Minnesota and former Northern Illinois football coach Jerry Kill announces his retirement.  He's been battling epilepsy and on occasion had to coach from the press box.  Around Northern Illinois sports, Mr Kill is honored by current and past players.
"The impact Coach Kill had on everyone is evident today seeing the support for his retirement," tweeted former linebacker Patrick Schiller, who was with Northern Illinois from 2007-2011 and is now playing for the Atlanta Falcons. "He taught me to be a man, went beyond football."

While current Northern Illinois coach Rod Carey came to Northern Illinois in 2011, he praised Kill for not only helping him, but elevating the Huskie program that he eventually took over.

"There's no doubt Coach Kill helped set the stage for where we are as a program right now," Carey said. "Personally, he was always willing to help and spend time with me, talk with me as I started out as a head coach. He is just a genuine, genuine person who is stepping aside for all the right reasons. It's so hard because we're going to miss him."
Thus life goes on in the Mid-American Conference, where successful coaches often receive offers they can't turn down from more visible programs.  Northern Illinois has managed to continue to field competitive teams, despite those teams making the coaches look so good that such offers come in.
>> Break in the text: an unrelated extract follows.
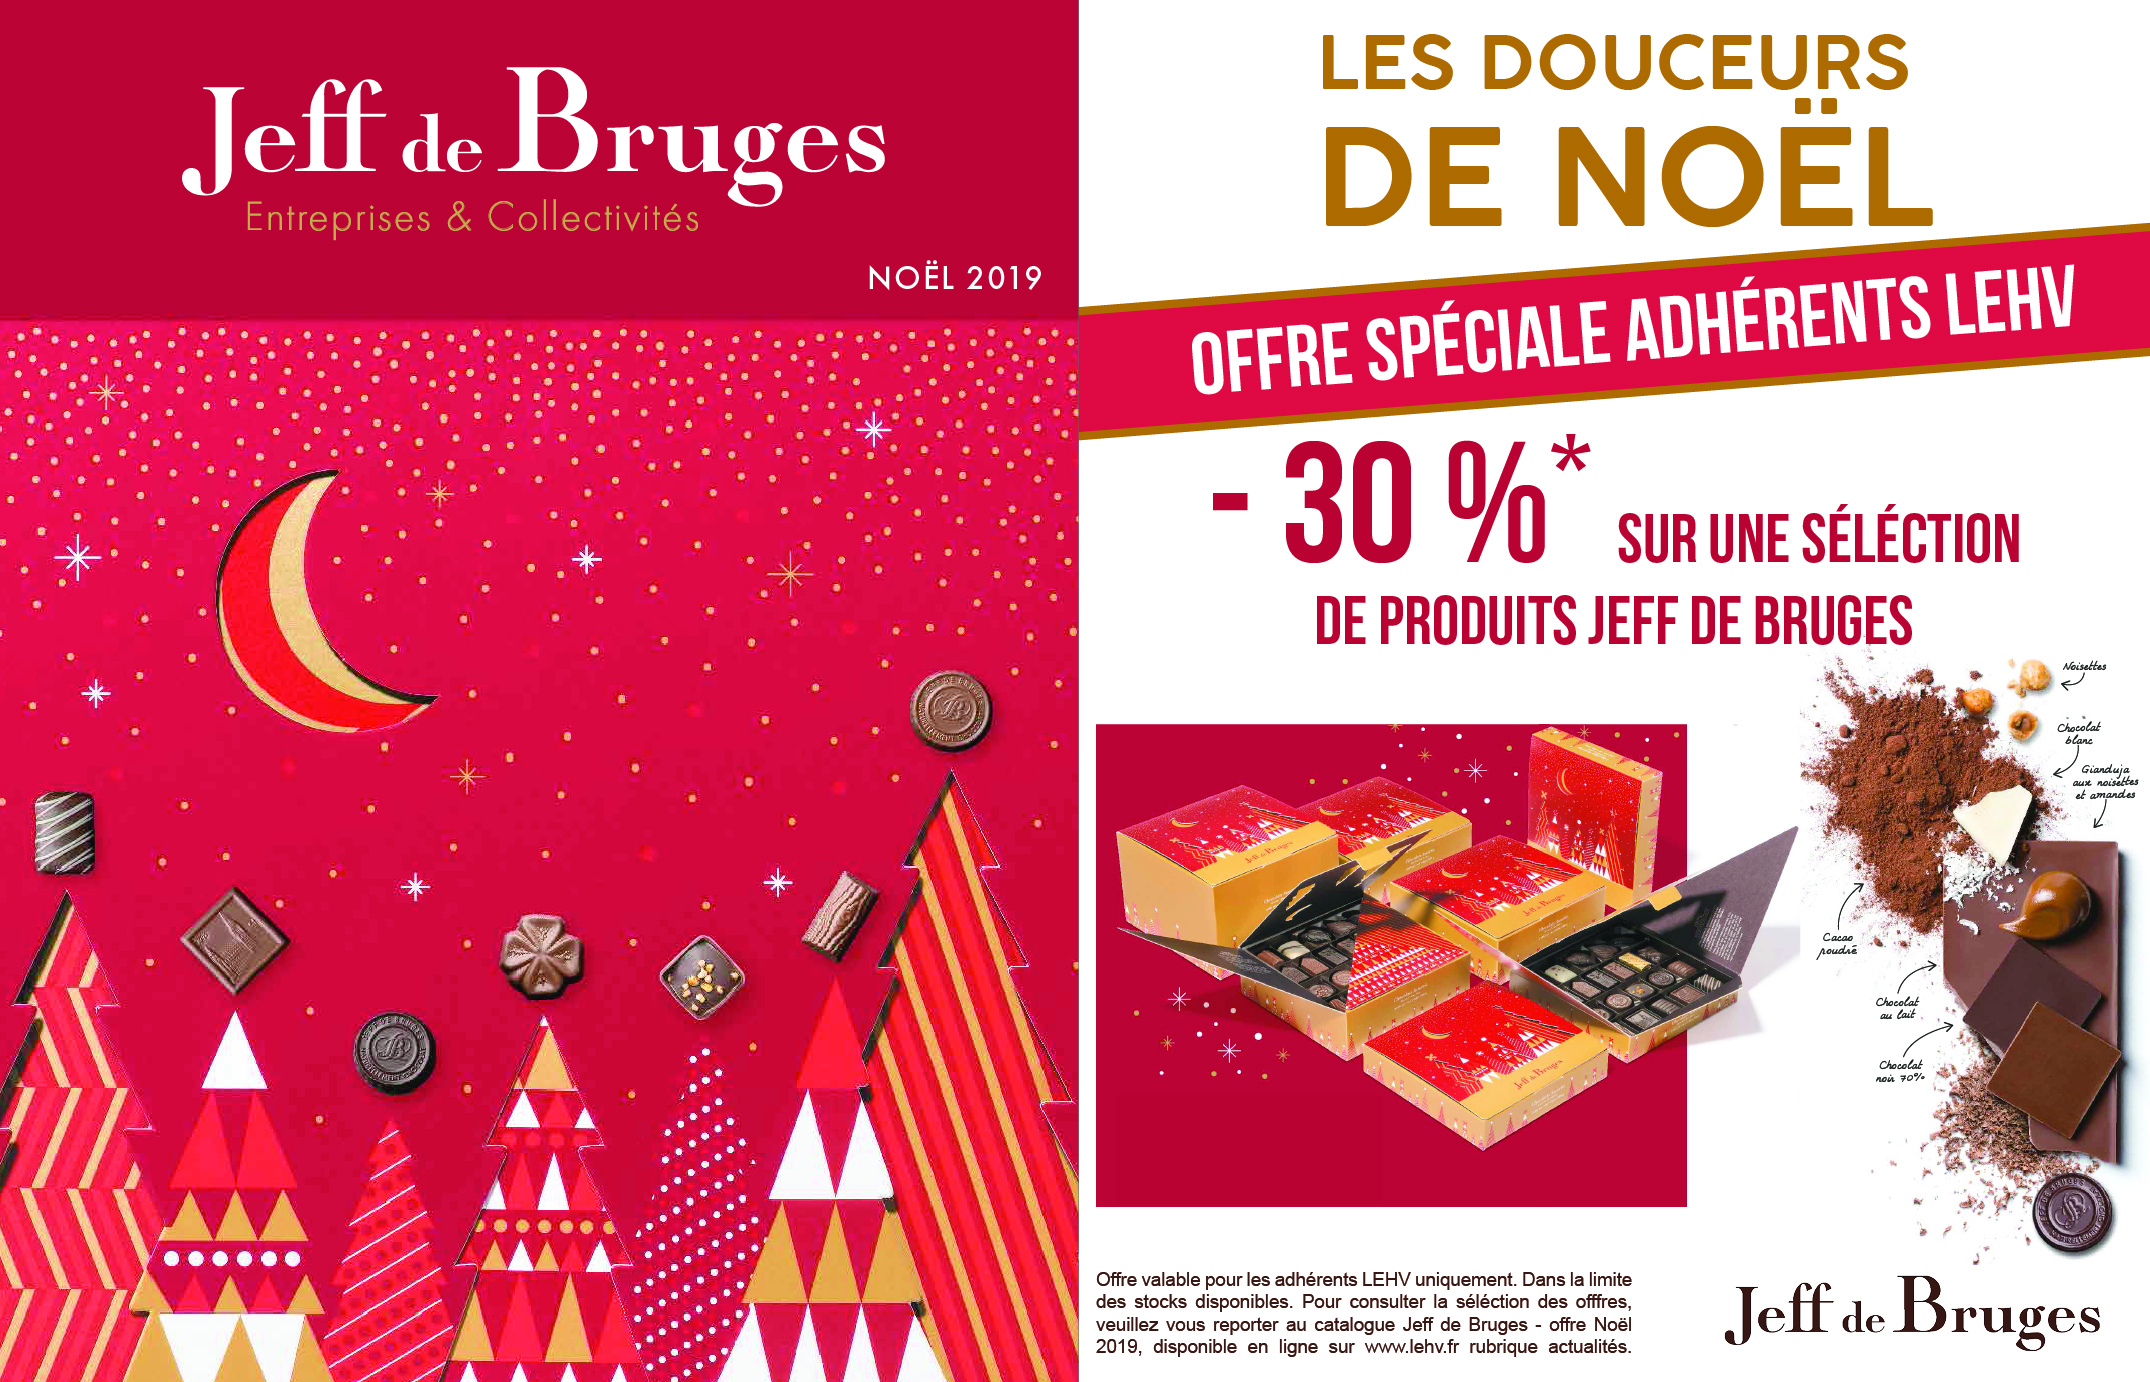 Chocolat de Noël - Jeff de Bruges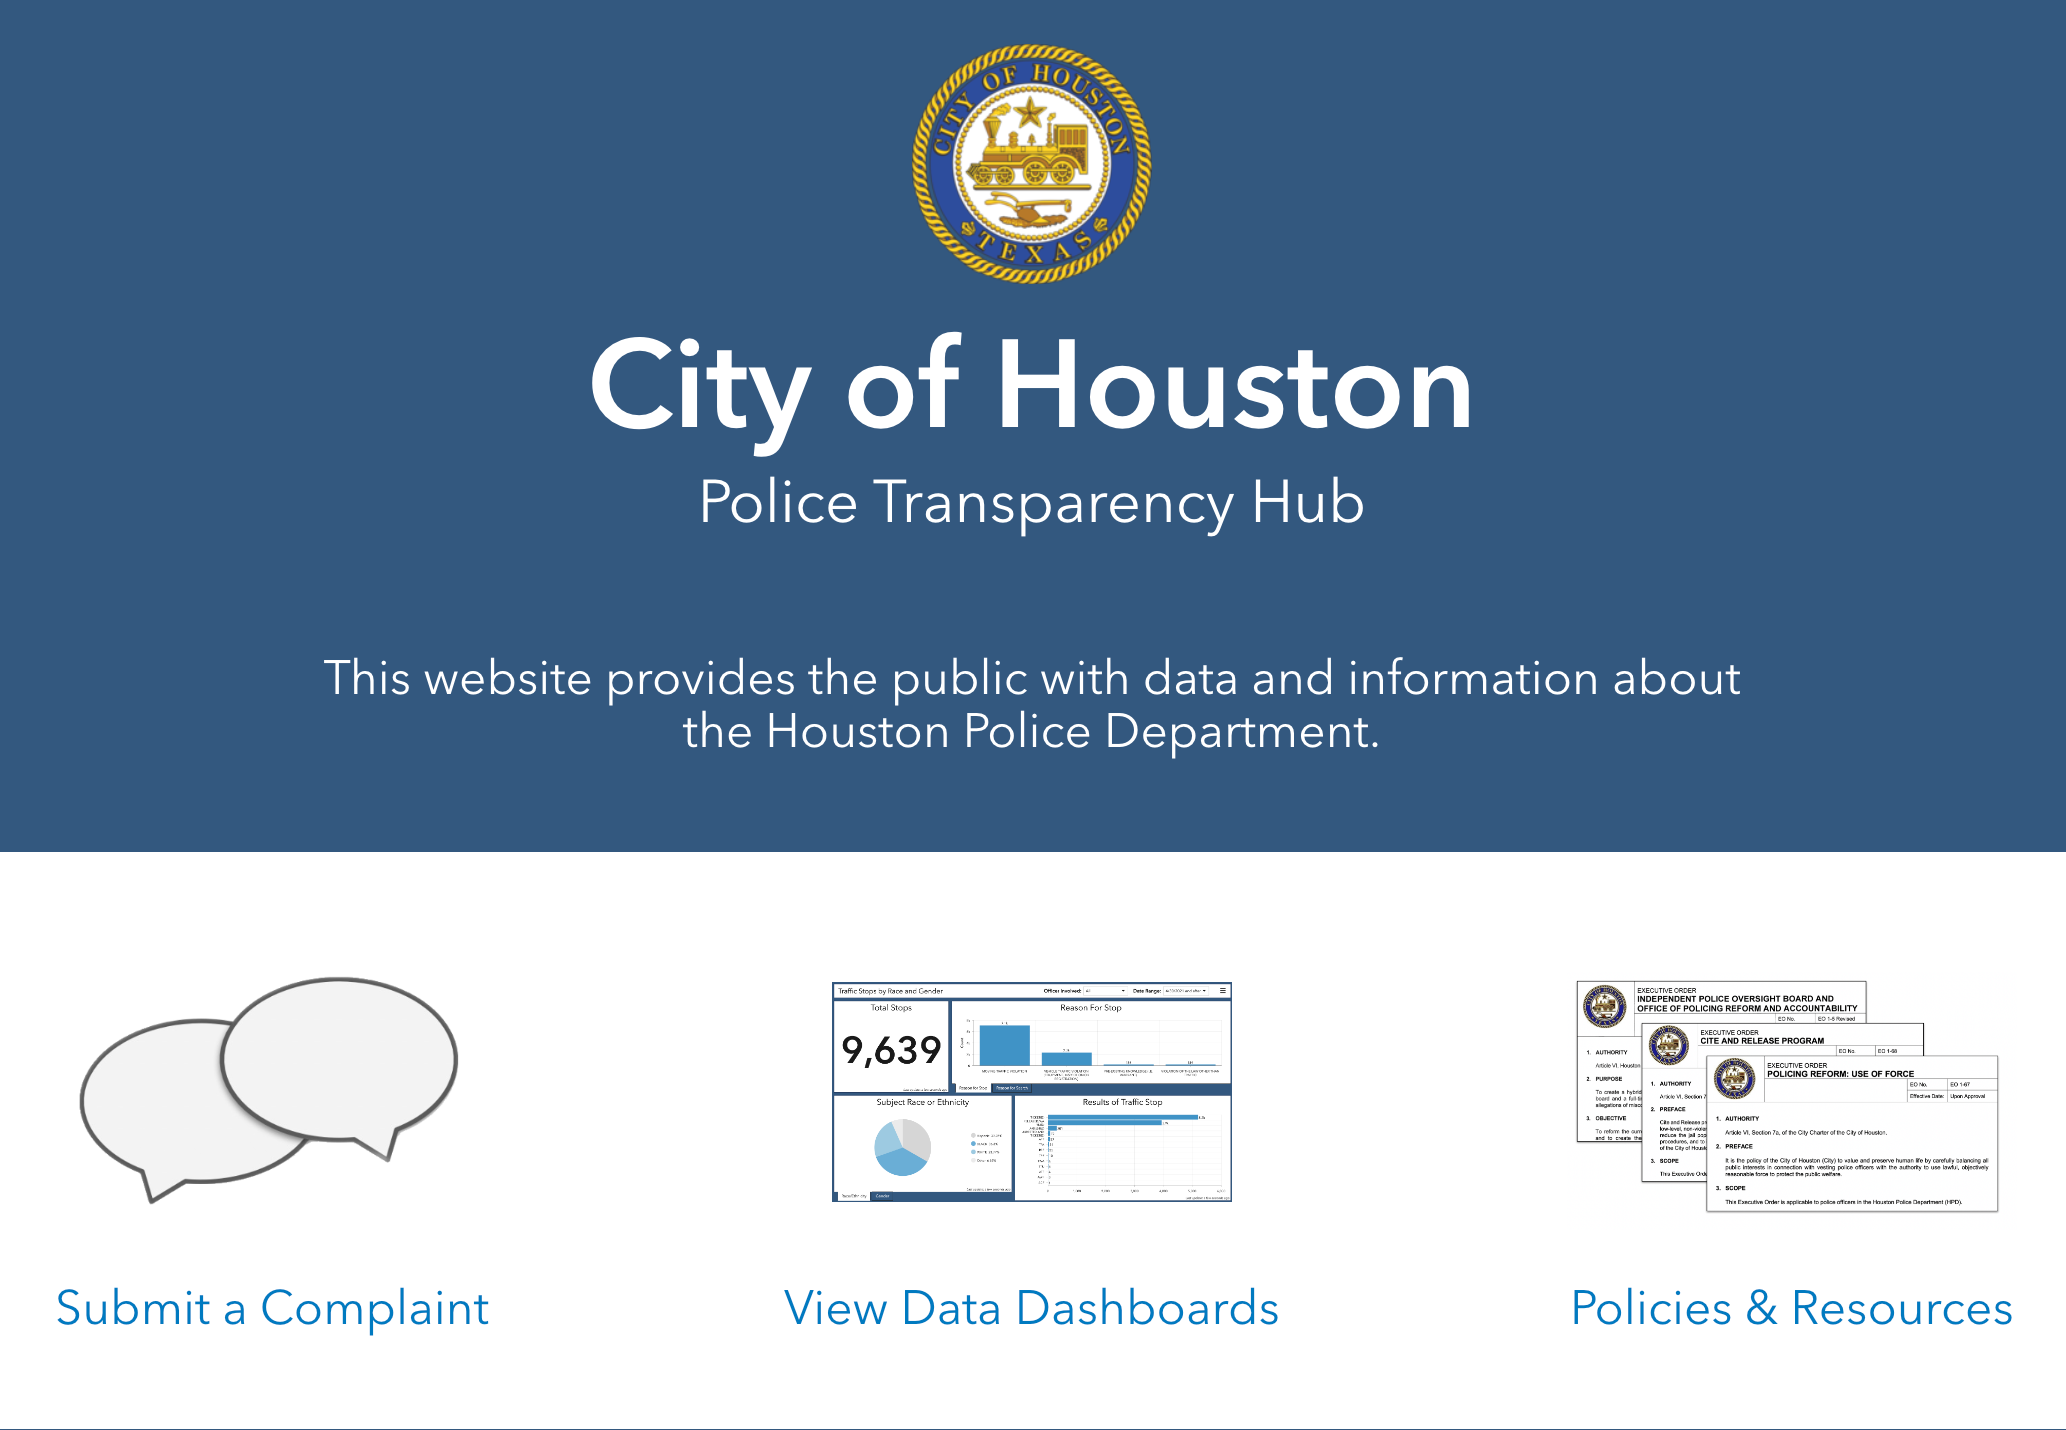 Police Transparency Hub

And Mr Kill brought what the punditry characterizes as a "hard hat and lunch pail" approach to football, which apparently meant thinking about it all the time. But it also involved acting like a guy who started as a volunteer tackling-dummy holder rather than as Tsarevich.
Jerry Kill was more than a football coach. You'll read and hear endless stories about him today, about his kindness, about his on-field successes and how genuine of a guy he really is. Realize that hardly any college football coach gets this kind of treatment, especially on a national level.
At the time Mr Kill left for Minnesota, I wished him well, and also that the Axe remain in Madison.  Although he finished with an even record at Minnesota, the Axe is still in Madison.